By the mid 1990s however, it appeared that this new aridity, while it undoubtedly existed, was not all that widespread. I had noticed that our local high street, for example, despite its increasing dilapidation, was a site of still-flourishing economic activity and increasingly visible global connectedness. The newsagent's window displayed cards offering cut-price telephone deals to many distant territories. Other shops offered cheap flights, both to emigrant and tourist destinations. New ‘ethnic' restaurants and shops were opening all the time, most recently (then) a Russian delicatessen. It also turned out to be the locale of an internationally successful pop group. In many ways, this local, physically decaying space was more pervasively and successfully
global
than the average airport, and certainly much more so than the nearby business park, built on what was previously the site of a car factory, and owned by the property development subsidiary of British Aerospace, which I had been previously inclined to read as a typical spatial outcome of the contemporary economy, and was certainly characterised by the aridity previously identified, despite its electric fountains.
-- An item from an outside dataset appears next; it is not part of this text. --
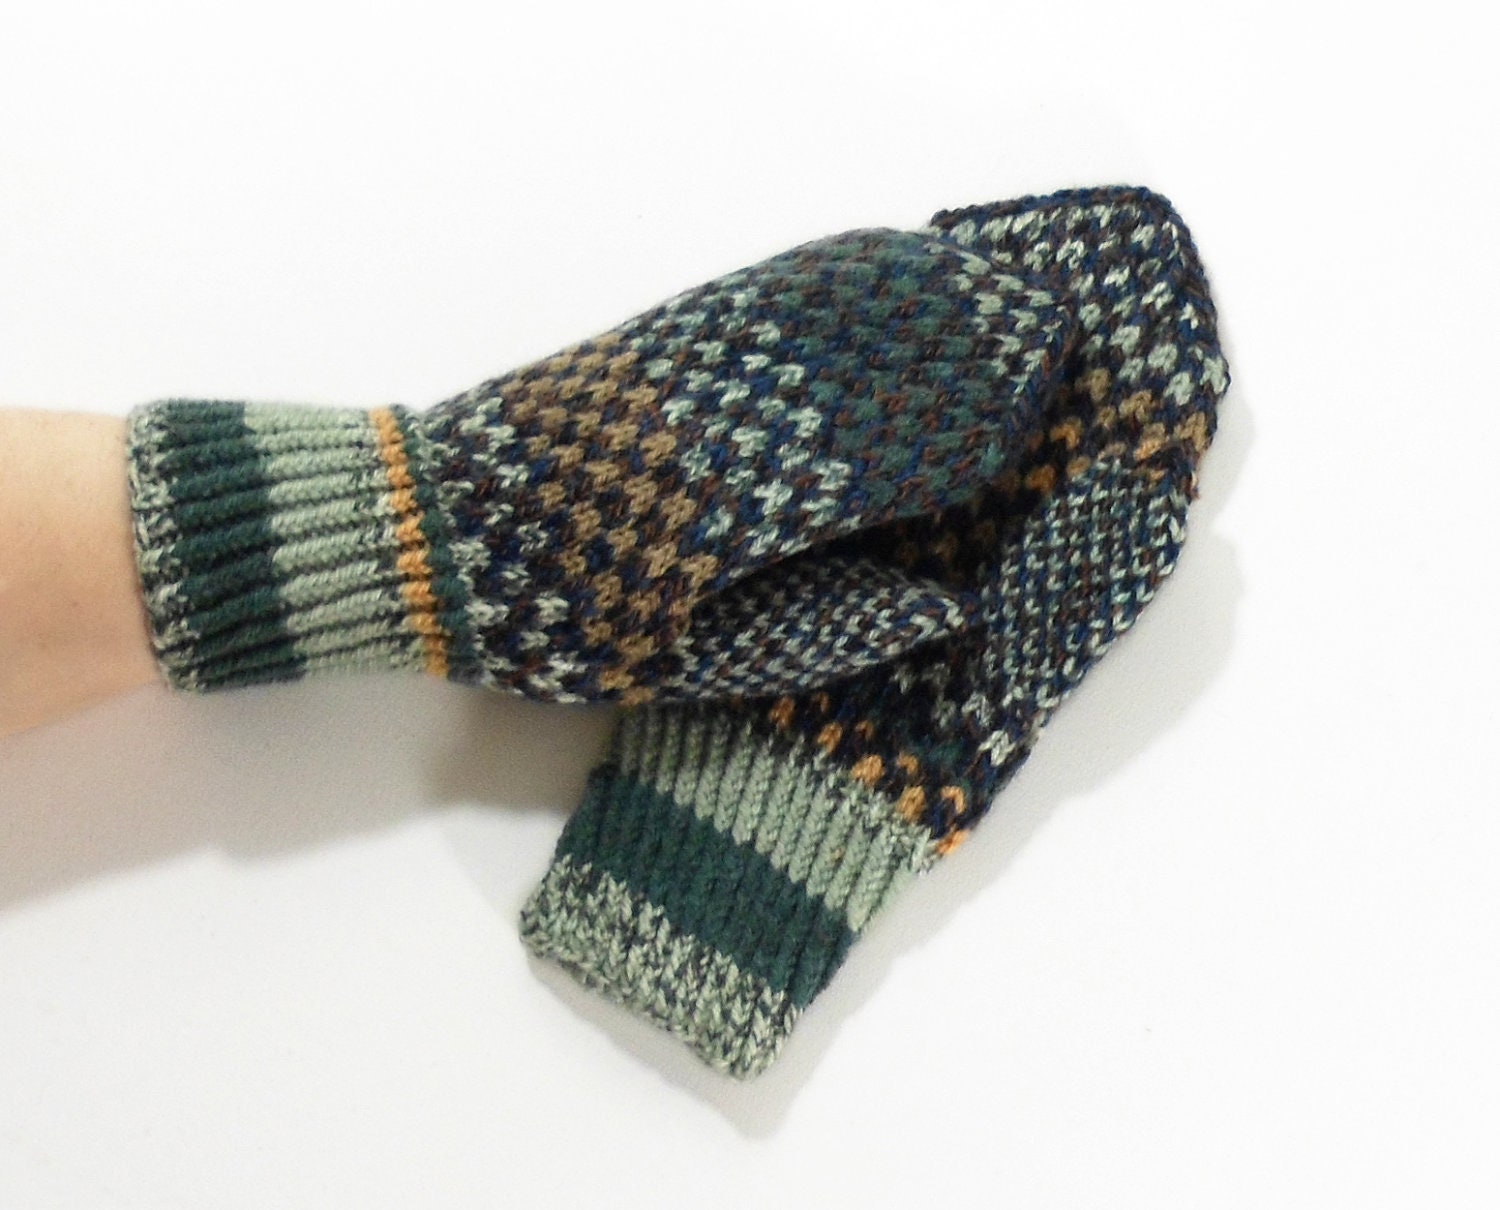 Hand Knitted Mittens - Gray and Green, Size Large - UnlimitedCraftworks

Perhaps the condition of the
local
was beginning to evolve in a different, more positive way. Perhaps we were on the verge of a new, electronic
flânerie
, in which experience of place was enhanced by the possibility of immediate connection, via the virtual realm, to people, both friends and strangers, in other places. Perhaps the era
of visibility and isolation, of silence between strangers in public, was coming to an end. Perhaps these new predicaments would give rise to a kind of radical subjectivity, which might even be less ephemeral than those of the Surrealists, the Situationists or their latterday adherents, and would somehow install itself in the street, transcending its marginality and dilapidation. For some reason, I first encountered these thoughts while riding a bicycle. For a week or so afterwards, I experienced a mild e-euphoria, a quasi-surrealist frisson, though when I finally got round to signing up with Demon (then a leading provider), this soon disappeared. A few years later, however, many of the former banks that briefly exemplified the evacuation of economic activity from the high street have reopened as bars,
1
and in most of them there are people talking on mobile phones. A kind of electronic
flânerie
has arrived, though, as with so many predicted phenomena, not in quite the way it was anticipated.
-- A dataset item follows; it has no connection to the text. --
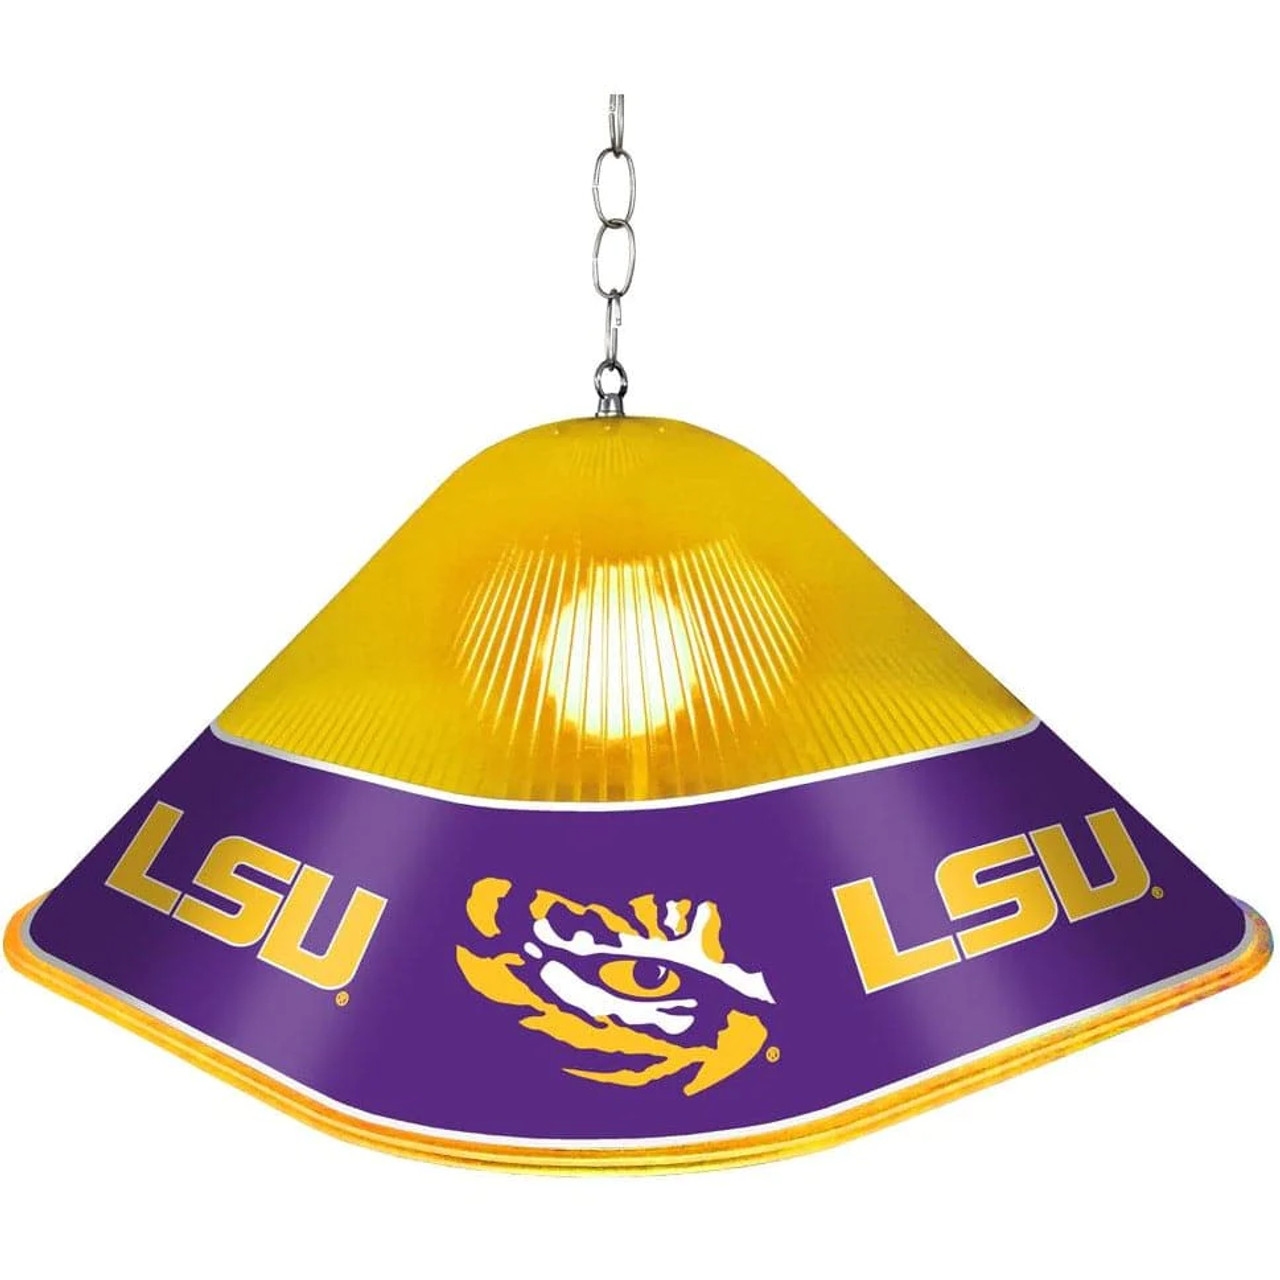 LSU, Louisiana, State, St, Tigers, Game, Room, Cave, Table, Light, Lamp,NCLSUT-410-01A, NCLSUT-410-01B, The Fan-Brand, 666703467313

One of the internet's most intriguing capabilities, for a topographical film-maker, was that it offered contemporaneous views of distant landscapes. During 1996, I had heard that there were websites where one could access the cameras that observe traffic on UK motorways, and immediately conceived a strong desire to explore, and perhaps to sample, what I imagined would be a large and increasing number of real-time moving images of landscapes throughout the world. I wondered if perhaps, one day, I might be able to make a film without having to leave the house. In fact, at the time, there seemed to be hardly any real-time outdoor web cameras operating anywhere in the world – most of the topographical camera sites only offered a still, updated daily or perhaps hourly, or not at all – but somehow the scarcity of this imagery, its poor resolution, and the way that the images trickled, very slowly, into the monochrome screen of my already obsolete PowerBook made it all the more attractive. In the house in which we then lived, the telephone socket was in the kitchen, and I used to let the pictures load while I was doing the washing up. I never found any views of UK motorways.
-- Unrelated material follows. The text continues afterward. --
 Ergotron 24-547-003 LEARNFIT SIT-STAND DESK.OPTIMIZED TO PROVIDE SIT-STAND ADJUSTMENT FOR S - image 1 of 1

The first site I came across that offered anything approaching real-time moving pictures was that of a company called Actual Size
Internet Solutions, who had a camera in a first-floor office overlooking Trinity Square, Colchester, in Essex. This showed a fresh still every two or three seconds, and was particularly impressive at night, when occasional figures passing along the pavement suggested an Essex
noir
. The site became briefly newsworthy when it was revealed that the Neuhoff family, formerly of New Mexico, had moved to Colchester as a result of having seen it, attracted by the apparent absence of crime. They were not, they said, disappointed by the reality of the town, despite its garrison of 4,000 soldiers, and streets patrolled by military police.